Exaucer le voeu de son fils récemment décédé d'avoir un enfant: c'est le combat d'une mère américaine, Missy Evans, qui a obtenu du juge l'autorisation de conserver le sperme de cet homme de 21 ans. Mais l'affaire soulève de nombreuses questions d'ordre éthique.

Missy Evans a recueilli le sperme de son fils mort. Elle espère trouver une mère porteuse et élever un jour son petit-fils ou sa petite-fille. Sa décision soulève de nombreuses questions, soulignent les spécialistes d'éthique, dont l'un parle d'un «enfant de remplacement». Mais Missy Evans se moque bien de ce que pensent les gens car «il m'aurait tellement aimée de faire ça», dit-elle.

Selon la police d'Austin, Nikolas Evans est mort le 5 avril, après s'être heurté la tête au sol lors d'une bagarre de rue. Des enquêteurs recherchent toujours qui l'a frappé.

Un médecin lui ayant avoué qu'on ne pouvait plus rien faire pour le jeune homme, Missy Evans a eu l'idée de recueillir son sperme. Elle en a discuté avec son ex-mari, le plus âgé de ses fils et le reste de la famille, qui d'après elle la soutiennent tous dans son désir de continuer à faire vivre une partie de Nikolas à travers sa future progéniture.

Mrs Evans, qui est âgée de 42 ans, affirme que Nikolas lui avait dit un jour vouloir trois fils et avoir déjà choisi des prénoms. A l'en croire, c'était un garçon «à l'ancienne», intéressé par la réalisation de films, la politique, la musique et les vieux films. «Mon fils voulait obtenir son diplôme universitaire. Il voulait des enfants. Et quelqu'un l'a privé de tout ça», déclare la mère, originaire de Bedford, quelque part entre Dallas et Fort Worth.

Mais elle a dû se rendre au tribunal pour obtenir la permission de récupérer le sperme de son fils. Le tribunal de Travis County lui a donné le feu vert et a ordonné à la morgue de conserver le corps à une température d'au moins 39,2 degrés pour qu'un spécialiste procède au prélèvement.

Une urologue d'Austin s'est portée volontaire et a recueilli du tissu testiculaire mercredi soir. D'après Mrs Evans, qui étudie maintenant les conditions de conservation, la quasi-totalité du sperme était viable.

De telles décisions doivent être prises rapidement, ce qui laisse peu de temps aux proches pour réfléchir, souligne un spécialiste de l'éthique. Et utiliser le sperme soulève des questions. «Le père biologique de cet enfant sera mort. La mère peut être une donneuse d'ovule, anonyme ou une mère porteuse», explique Tom Mayo, directeur du centre Maguire d'éthique et de responsabilité publique, à l'Université méthodiste du Sud. «Pour un enfant, c'est une façon difficile de venir au monde. Quel effet cela aura-t-il d'être un enfant de remplacement?».

Selon lui, le désir de remplacer un enfant mort est un scénario classique qui, dans ce cas, prend une tournure inhabituelle. «Le désir sous-jacent doit être très fort, même si elle ne le décrit pas de cette manière», ajoute-t-il.

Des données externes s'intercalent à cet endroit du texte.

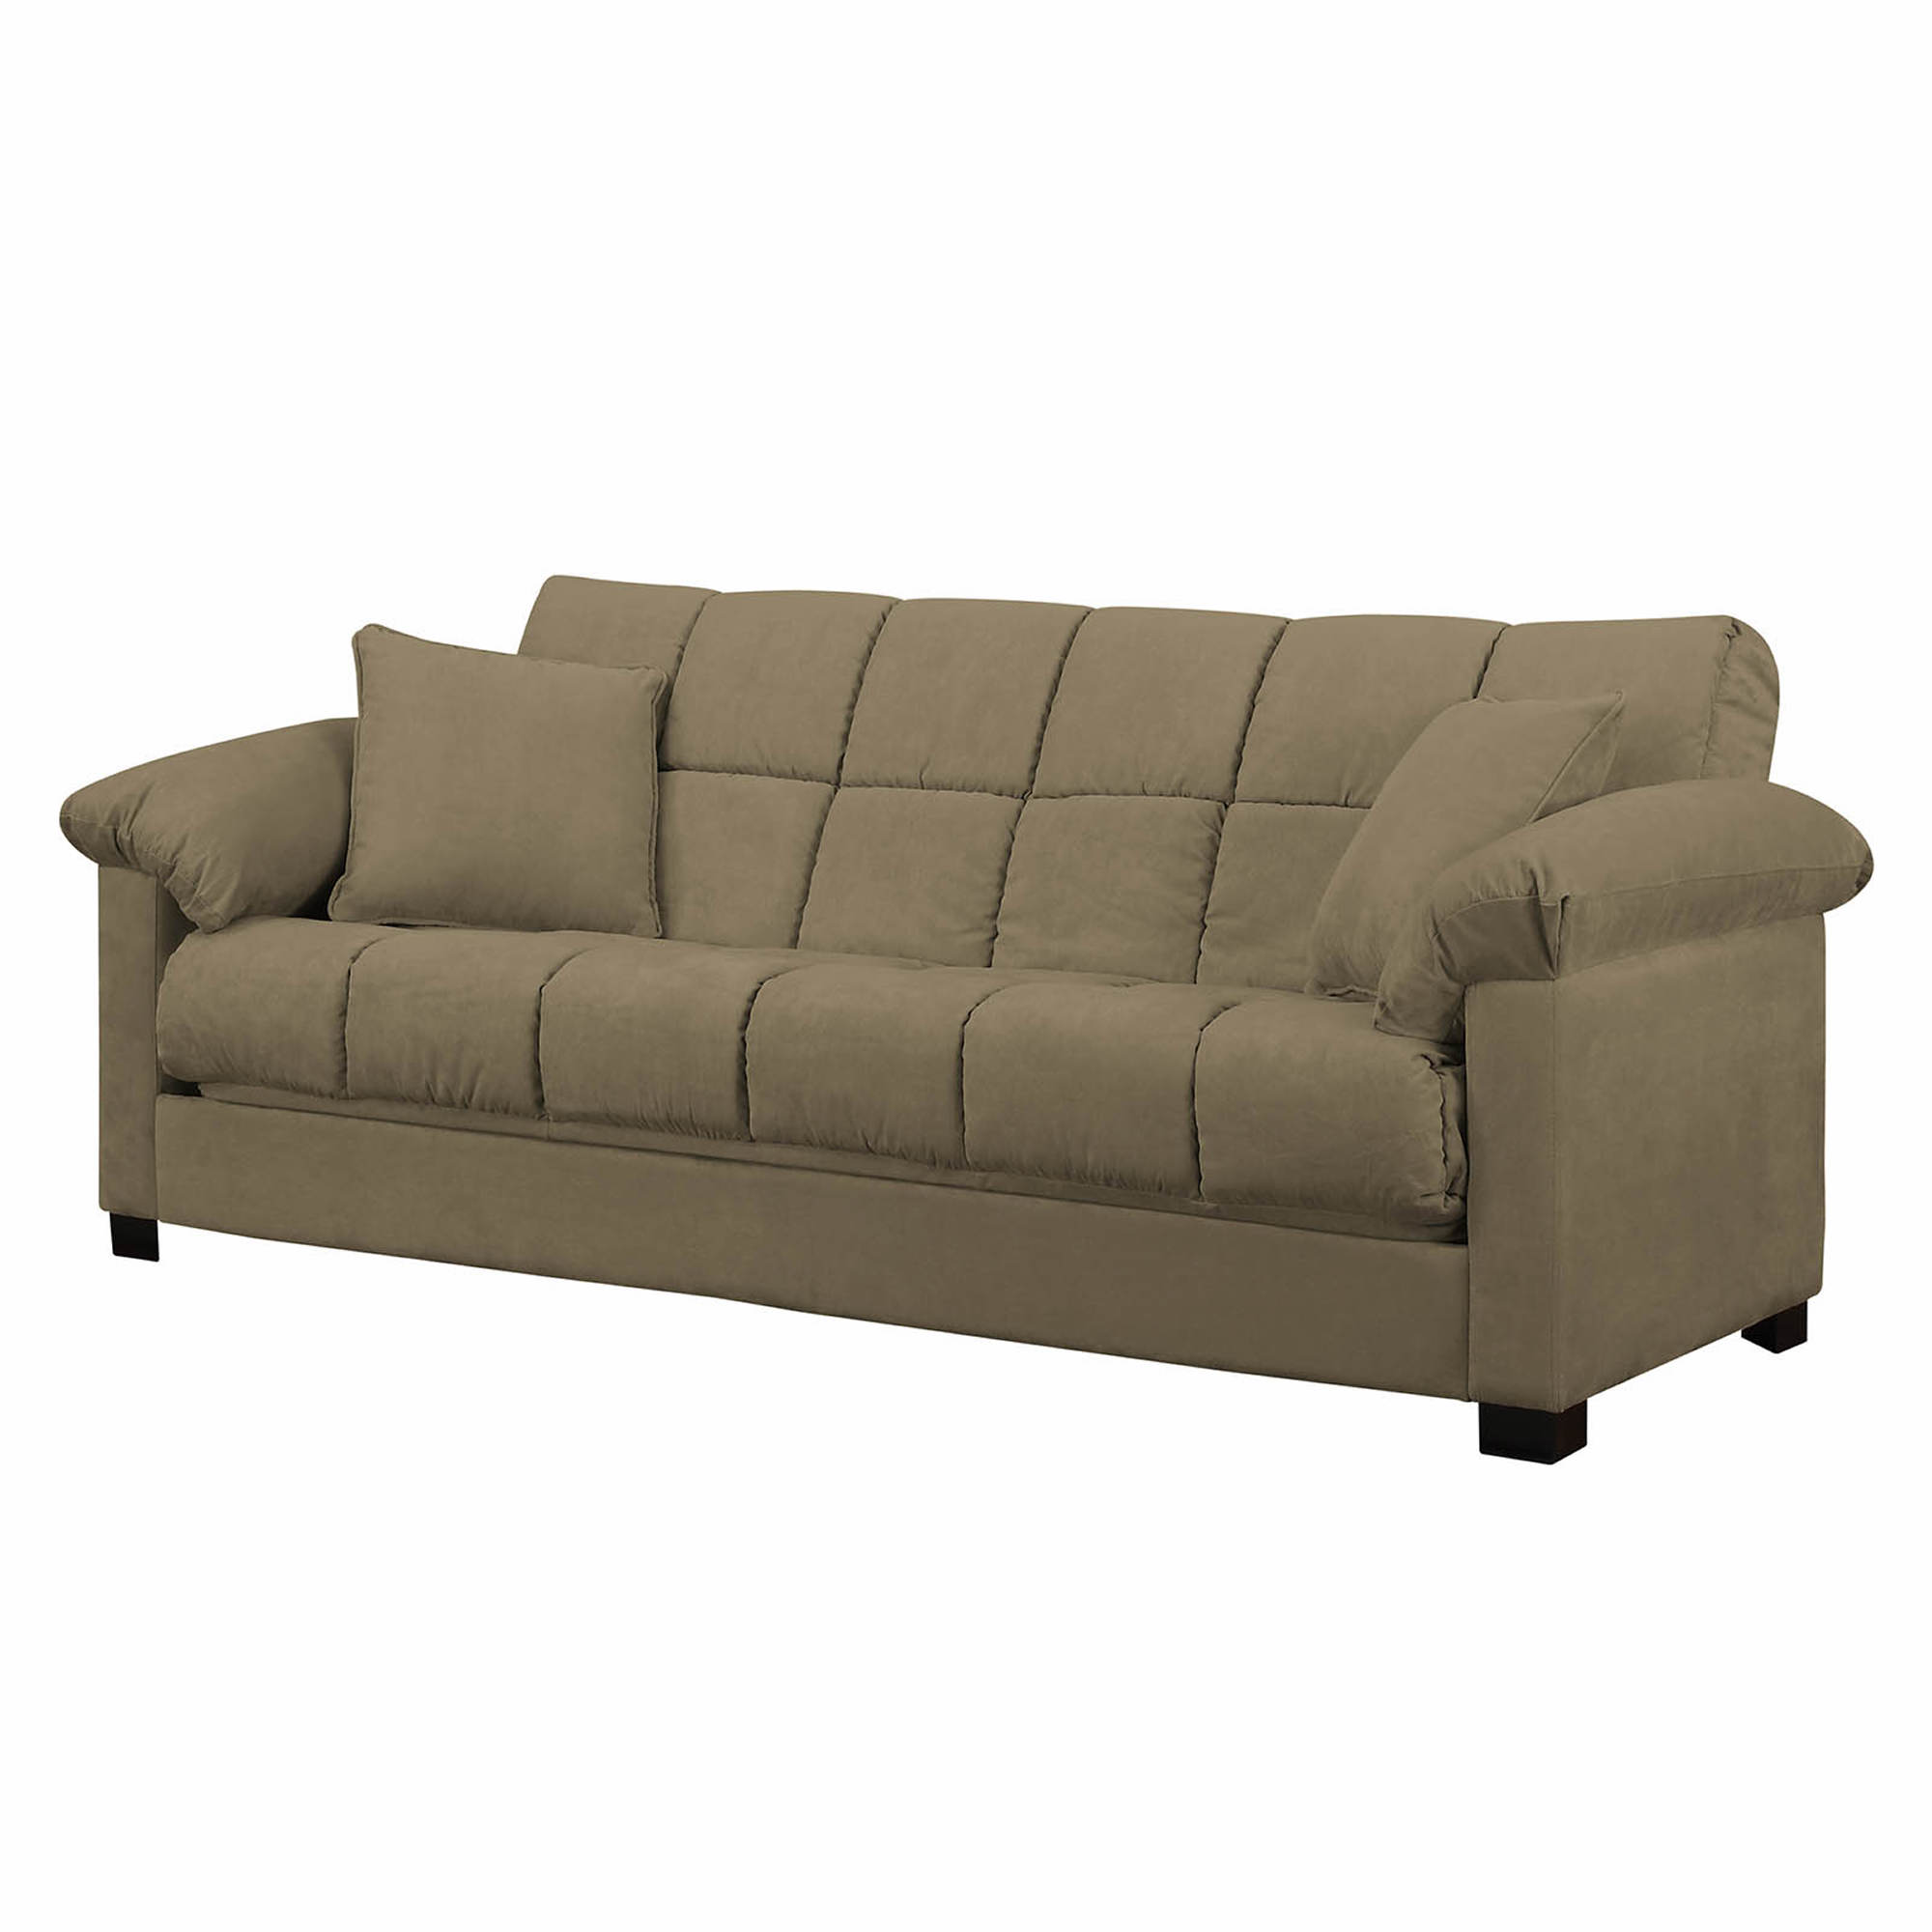 Handy Living ConvertaCouch FullSize Sleeper Sofa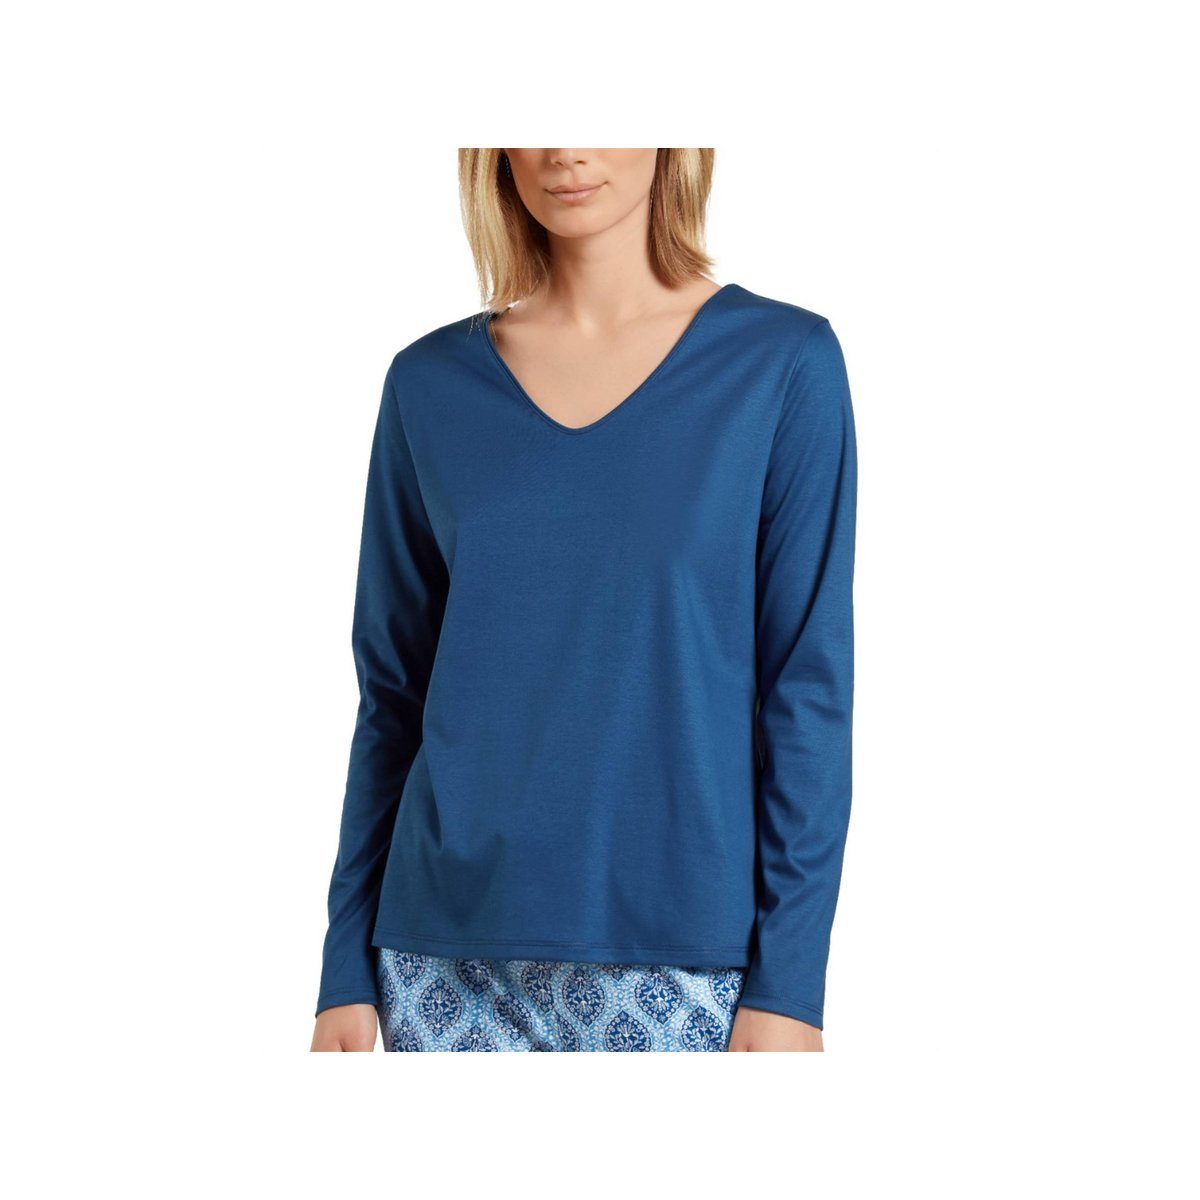 Verkaufsberater CALIDA Schlafanzug blau lapis blue

Art Caplan, président du département médical d'éthique, Université de Pennsylvanie de Philadelphie, estime à environ un millier ces dix dernières années le nombre de demandes de ce genre provenant d'épouses, de mères, de petites amies et d'autres aux Etats-Unis, mais la plupart du temps «ce n'est finalement pas utilisé».

Les hôpitaux peuvent s'être dotés de protocoles pour traiter de ces questions, mais il existe peu de lois ou de consignes à ce sujet, et il revient généralement à l'urologue de décider, dit-il.

«C'est rare pour un enfant de naître du sperme d'un homme mort», constate pour sa part Melissa Brisman, avocate au comité consultatif de l'Association américaine de fertilité. «C'est une mort inattendue qui fait intervenir des tonnes d'émotions, on ne sait même pas si on veut le faire.»

Mark Vopat, professeur de philosophie et d'études sur la religion à l'Université d'État de Youngstown dans l'Ohio, se demande si le tribunal a eu raison de satisfaire à la demande de cette mère. Selon lui, bien qu'ayant fait part de son désir d'enfant à sa mère, Nikolas Evans n'aurait pas souhaité avoir un enfant posthume. «C'est un cas dérangeant», souligne-t-il.

Missy Evans ne sait pas encore quand elle sera prête pour chercher une mère porteuse. «Ca va probablement me ruiner, mais je ferai tout ce que je peux pour que cela se fasse», affirme-t-elle.